When the computer is running open Task Manager (ctrl+alt+delete) and
go to the Processes tab. Click twice on the CPU column header to sort
the data into descending order based on CPU usage. That should show
you the name(s) of the items that are using the most CPU time which
could be a good clue as to the underlying cause of the problem.

If you can boot into Safe Mode with Networking support then go online
to http://housecall.trendmicro.com and run their free online scanner
to double check the system.

Also you did not mention which specific antispyware products you used.
If you haven't already done so try the free Beta of Microsoft's
antispyware from http://download.microsoft.com

Another option would be to use HiJackThis and post the log file from
it to one of the specialized HiJackThis forums. See MVP Jim
Eshelman's web page at http://www.aumha.org/a/parasite.htm and click
on the HiJackThis link in the left side column.

Good luck

Ron Martell Duncan B.C. Canada
--
Microsoft MVP
On-Line Help Computer Service
http://onlinehelp.bc.ca

In memory of a dear friend Alex Nichol MVP
http://aumha.org/alex.htm

OK.. So I was able to run Norton 2005 in a safeboot, it clear 5 virus,
but told me that the computer is still infected. I am still unable to
launch control panel, programs, windows explorer (etc) in Normal Boot.

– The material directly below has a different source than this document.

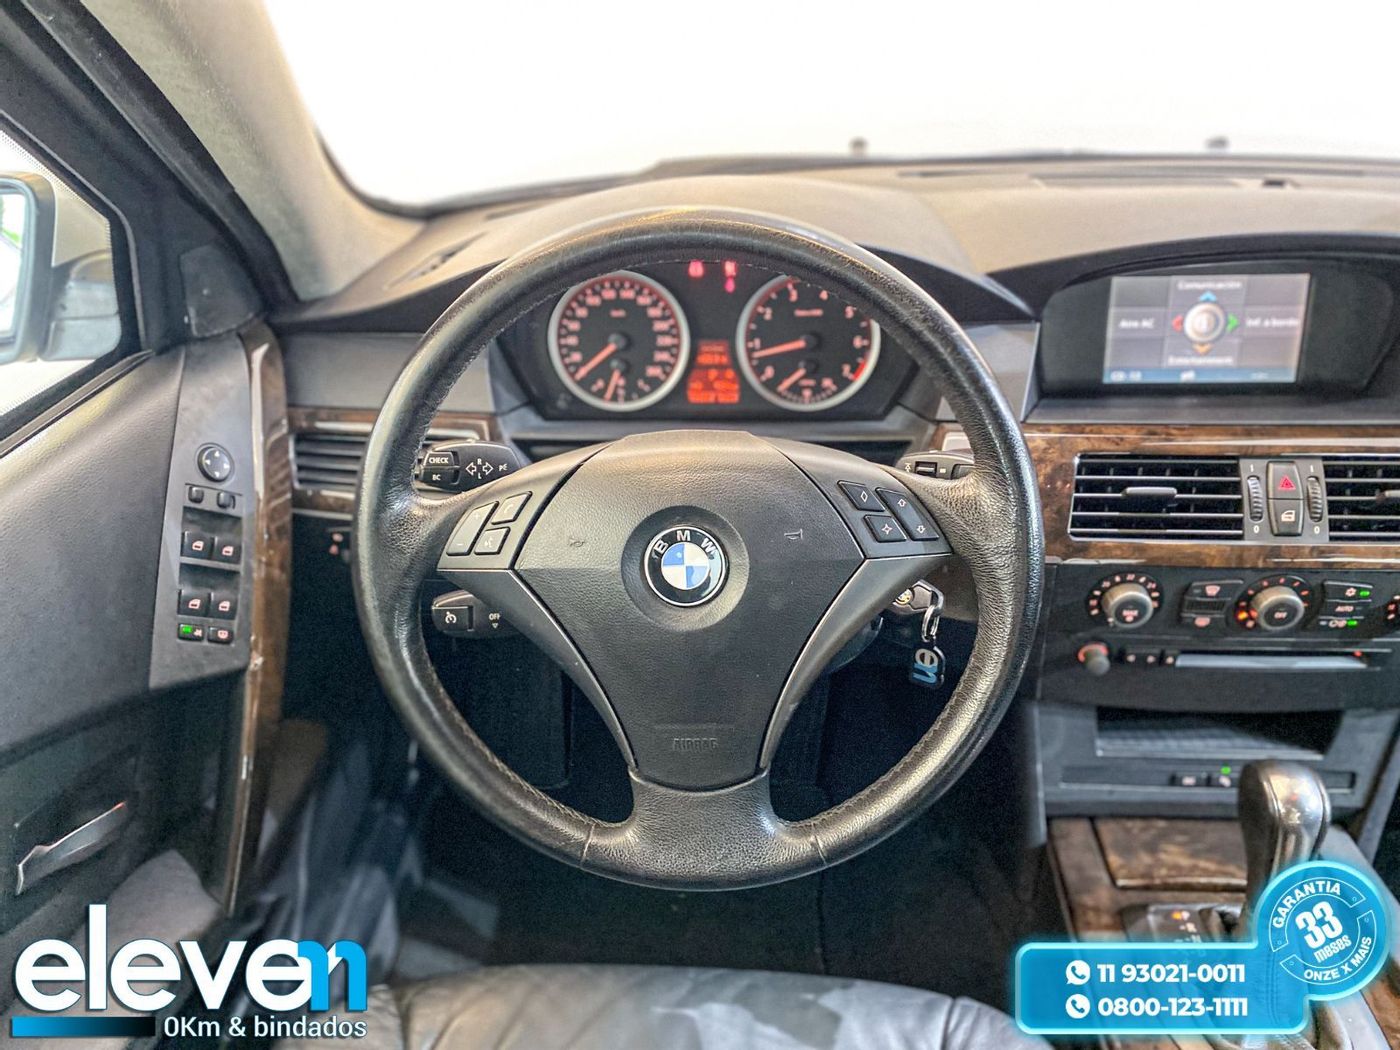 BMW 545iA 4.4 32V V8 333cv
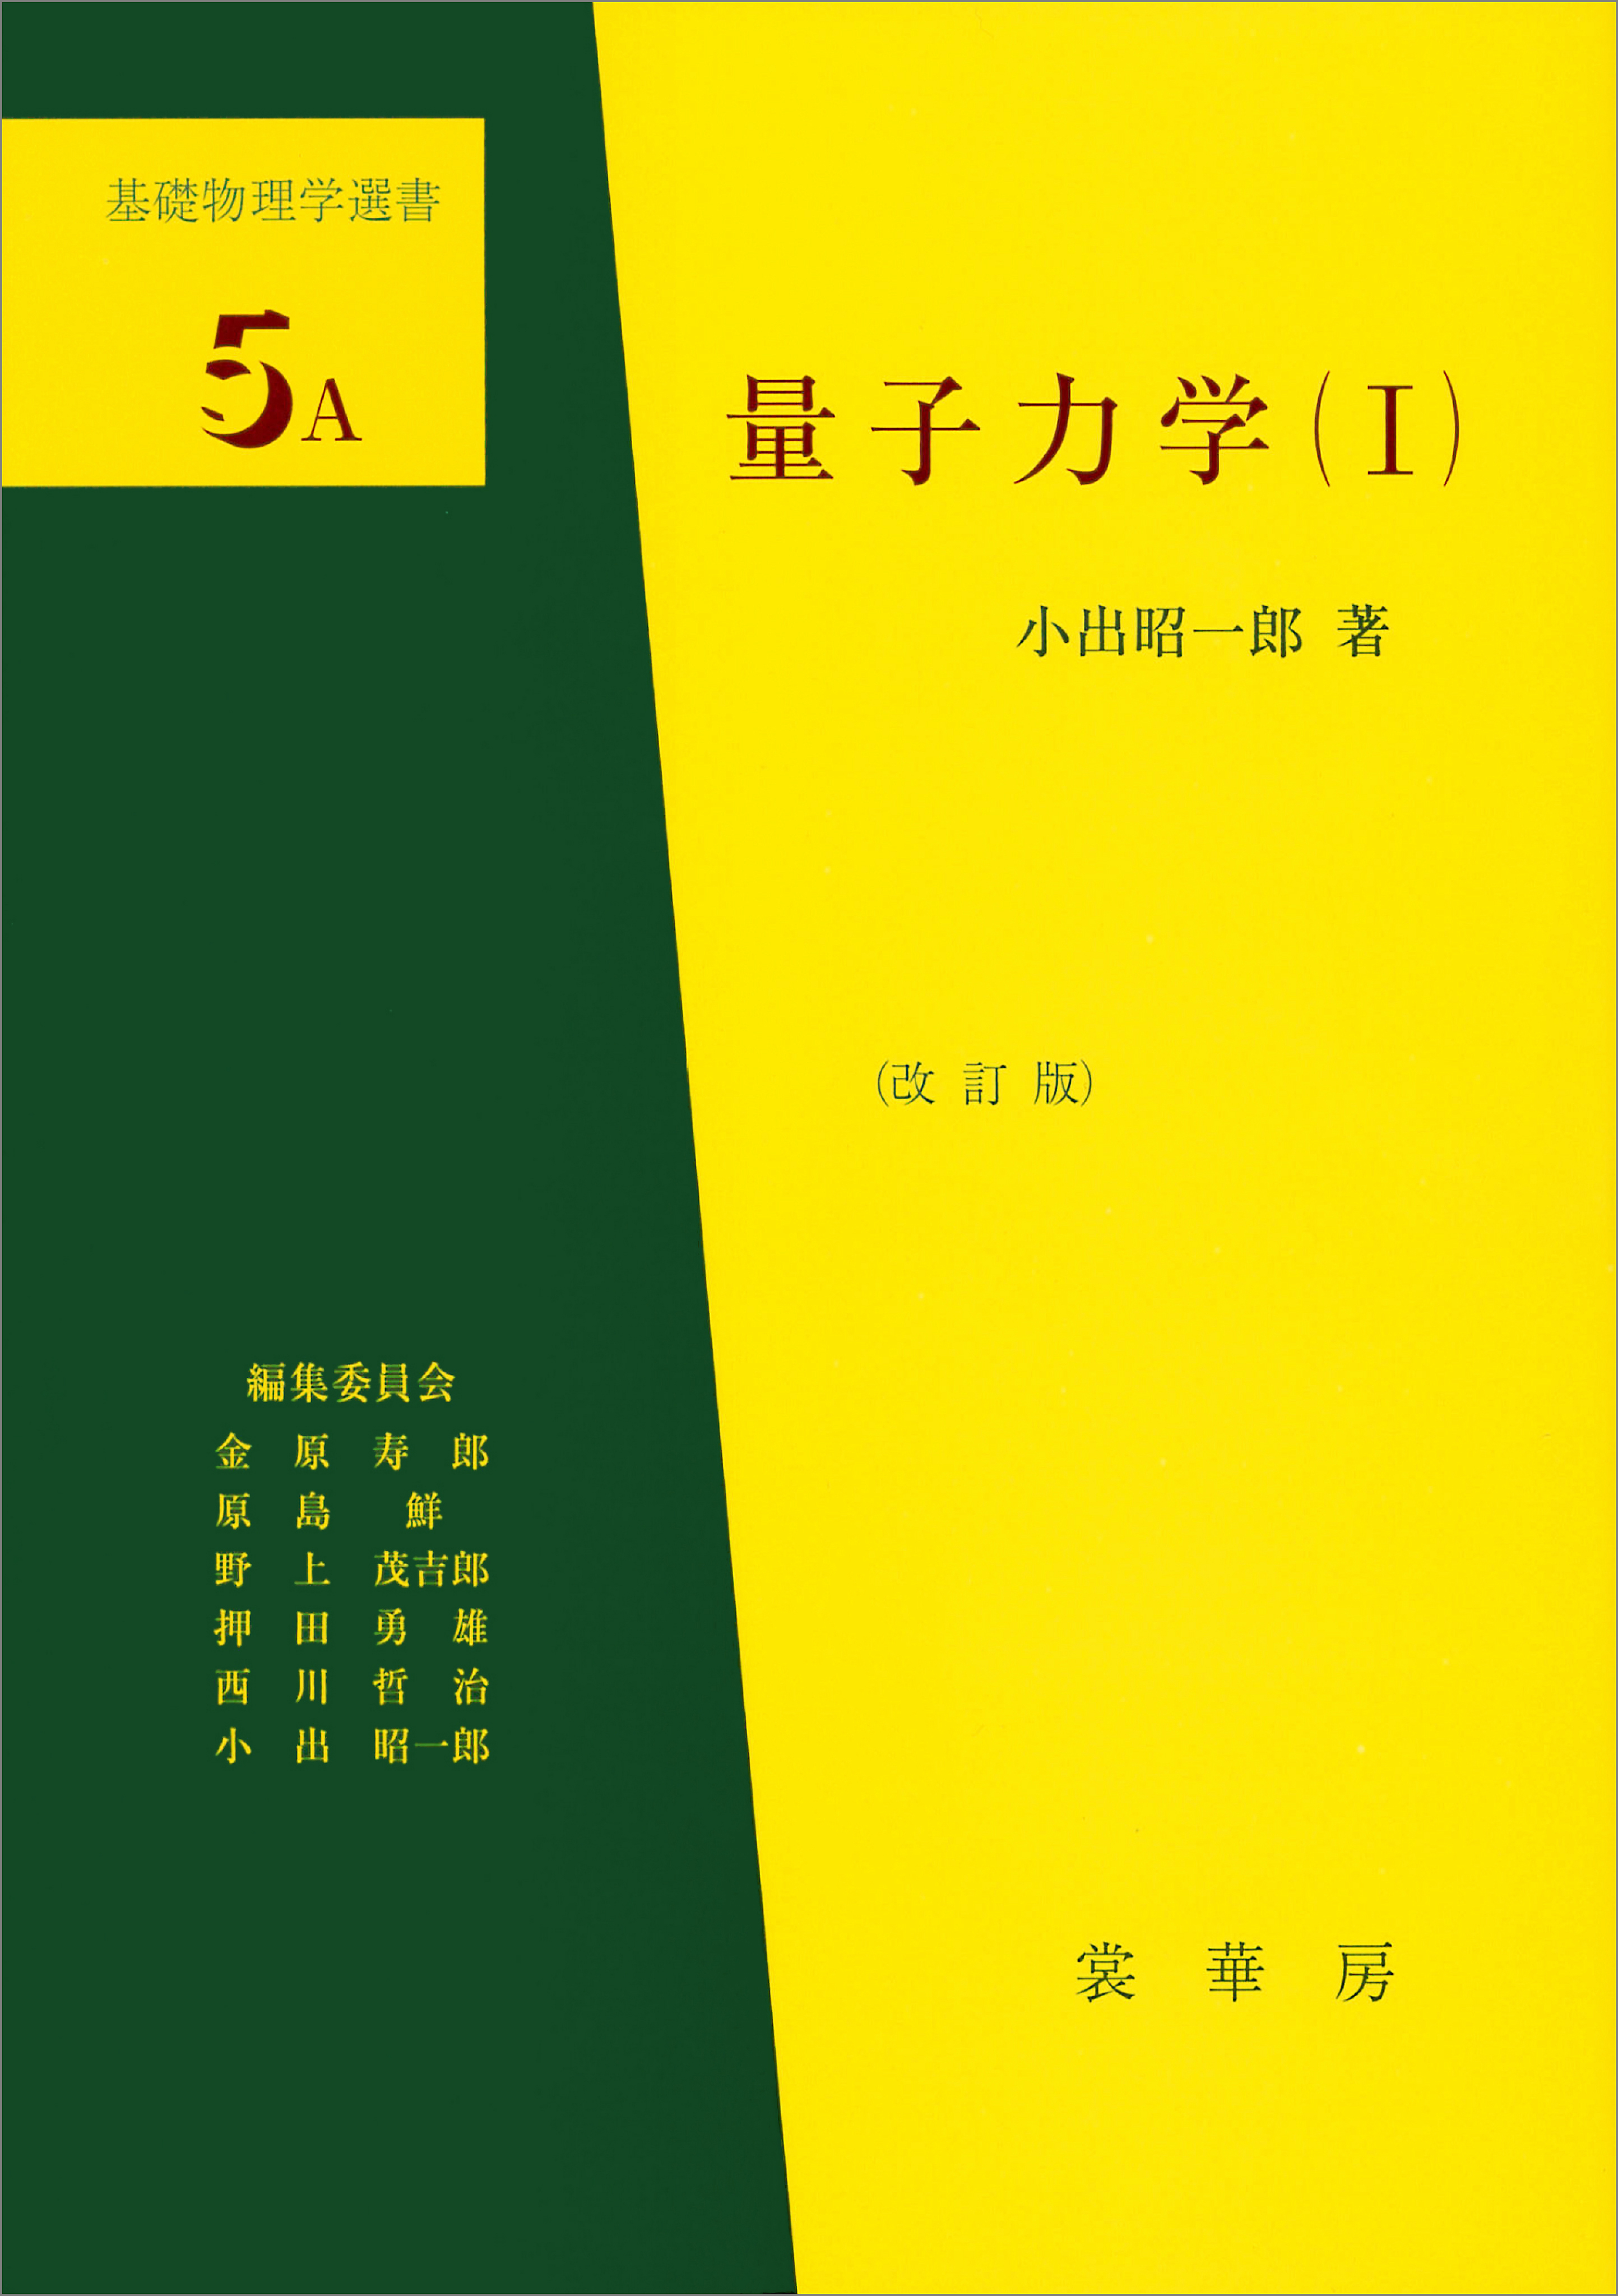 量子力学（I）（改訂版） 基礎物理学選書 5A - 小出昭一郎 - ビジネス ...

I am now able to boot into safe mode with networking, and I can start
programs there, but I can't seem to get much farther than that. Any
other suggestions?

Leythos wrote:
> If you've run NAV in safe mode and it didn't fully fix your problem, and
> you've deleted files and still have problems, assuming that you've
> already run the spyware removal tools, and you are still having
> problems, it's time to wipe/reinstall from scratch.
>
> While you could do a repair/reinstall, you may not actually clear the
> system of the infection, and while it may boot fine after the
> repair/reinstall, it's likely that you're going to reinfect yourself
> again.
>
> Before others say that it's not necessary to wipe a system to clean
> viruses, consider that you are trusting an application to tell you that
> your system is clean, many times you're trusting a free application, and
> if you had to bet your life on it being clean that you wouldn't.
>
> If NAV 2005 in safe mode didn't clean it, it's time to wipe it.

That's what I figured. Thanks for the help.